Don't make my Debug build into a RelWithDebInfo build or it makes it a huge pain to track down subtle bugs/errors in non-performance-critical unit tests.

This is dealt with in the article - debugging optimised code is a pain, even when you know what you're doing. The source-level debugging often doesn't work, variable watches often don't work (and this even though DWARF has a whole pile of features specifically so that this stuff can work...), and debugging at the assembly language level is a chore.
gcc has -Og (optimize without harming debugging) which is supposed to avoid these problems
Well, you aren’t rebuilding your binary every frame, are you? I might be missing something.

Also, I think build time is super important in most contexts - what I think is less important is runtime speed when you’ve disabled all optimizations.

It’s not the speed of compilation. It’s the speed the program runs with debug build. So runtime speed.

And for games you need decent runtime speed. If you cannot run your game in debug build one has to do good old printf debugging. And yes, if you cannot actually play the game (as in over 10fps) that means you cannot run it in debug build.

Are you confusing build time with performance of the resulting binary? I'm talking about the latter. Both are important and both are lacking with modern C++ in debug mode.

Edit: I see, I carelessly used the word "build" to mean a compiled binary, which was ambiguous. I've changed it.

Thanks for the clarification. I guess like all trade-offs, it's context dependent. I see the advantages of having a realtime usable non-optimized build for debugging. Since I use modern libraries like Eigen, that option has not been available to me for some time.

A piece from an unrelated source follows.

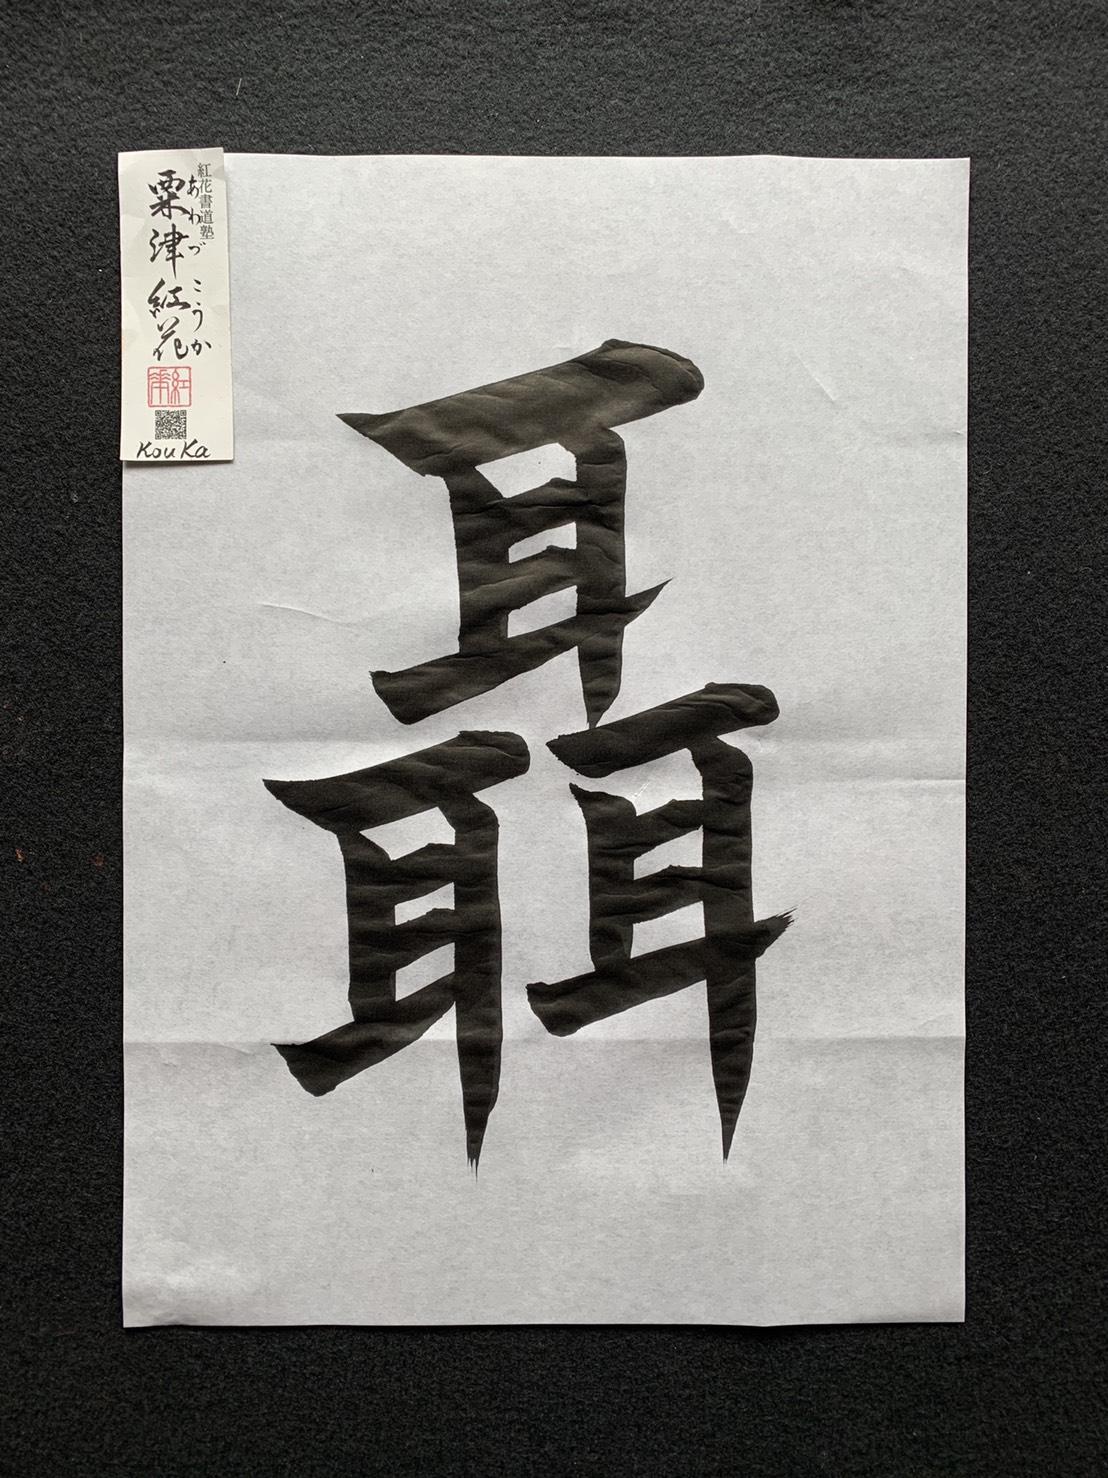 を 漢字 成功 おさめる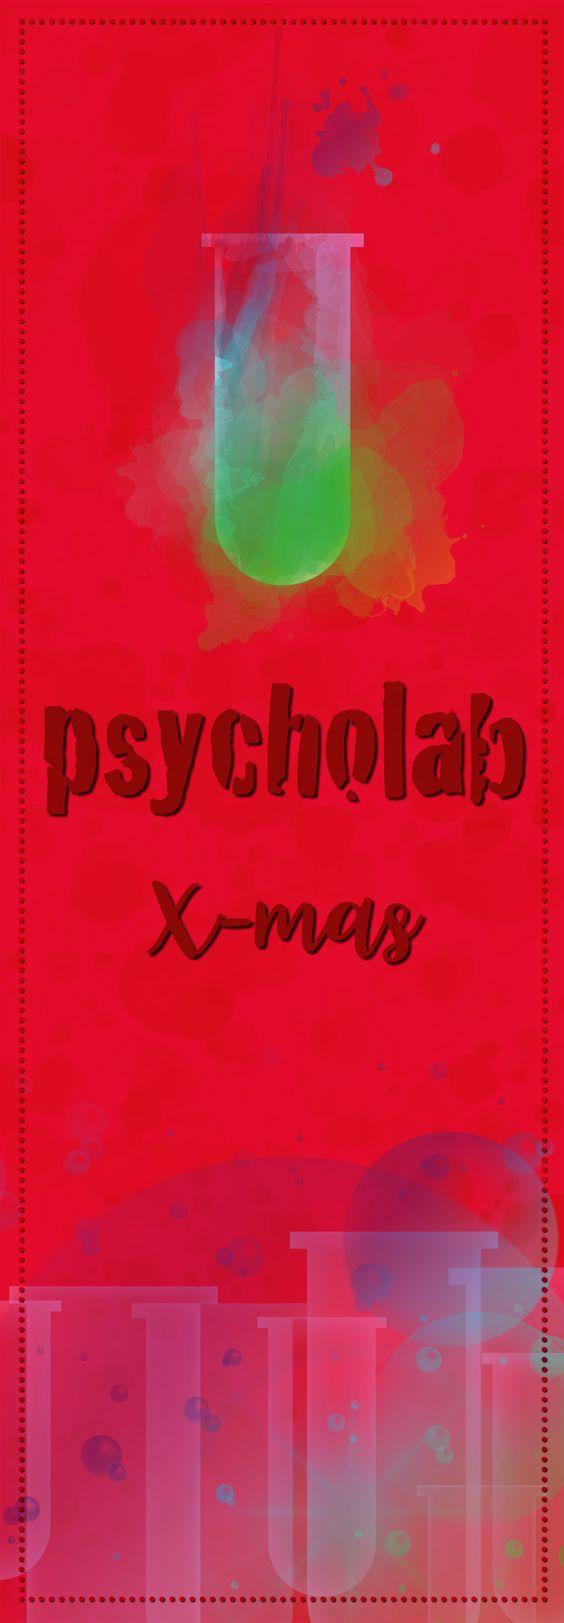 Lustige Geschenkideen und kreativer Spaß für alle, die dem täglichen Labor-Voodoo sowie dem alljährlichem Weihnachtswahnsinn ausgeliefert sind!

With "modern" techniques, the performance ceiling is a bit higher - whether that benefit is worth it depends on a lot of factors.

If you're doing Linear Algebra, you're kind of in a C++ sweet-spot, I think.

In particular, you can always debug a tiny version of whatever problem you're trying to solve, so you don't really care that much about non-optimized performance, and a lot of times you're willing to eat a long compile time if it means you squeeze out that last couple percent. Conversely, you care a lot about cache micro-optimizations and talking to GPUs and stuff like that, and generally you want to be just banging on some piece of memory you got from the OS, all things that non-C++ languages make extraordinarily painful.

Even Fortran, which the haters were trying to push as "just better" than C++ for linear algebra has really disappointed me.

> Using techniques like ranges [...] _dramatically increases_ optimized performance vs. naive techniques.

This claim will require some evidence. In my experience, it's extremely common for novice engineers to trade orders of magnitude in build time overhead chasing negligible runtime performance improvements.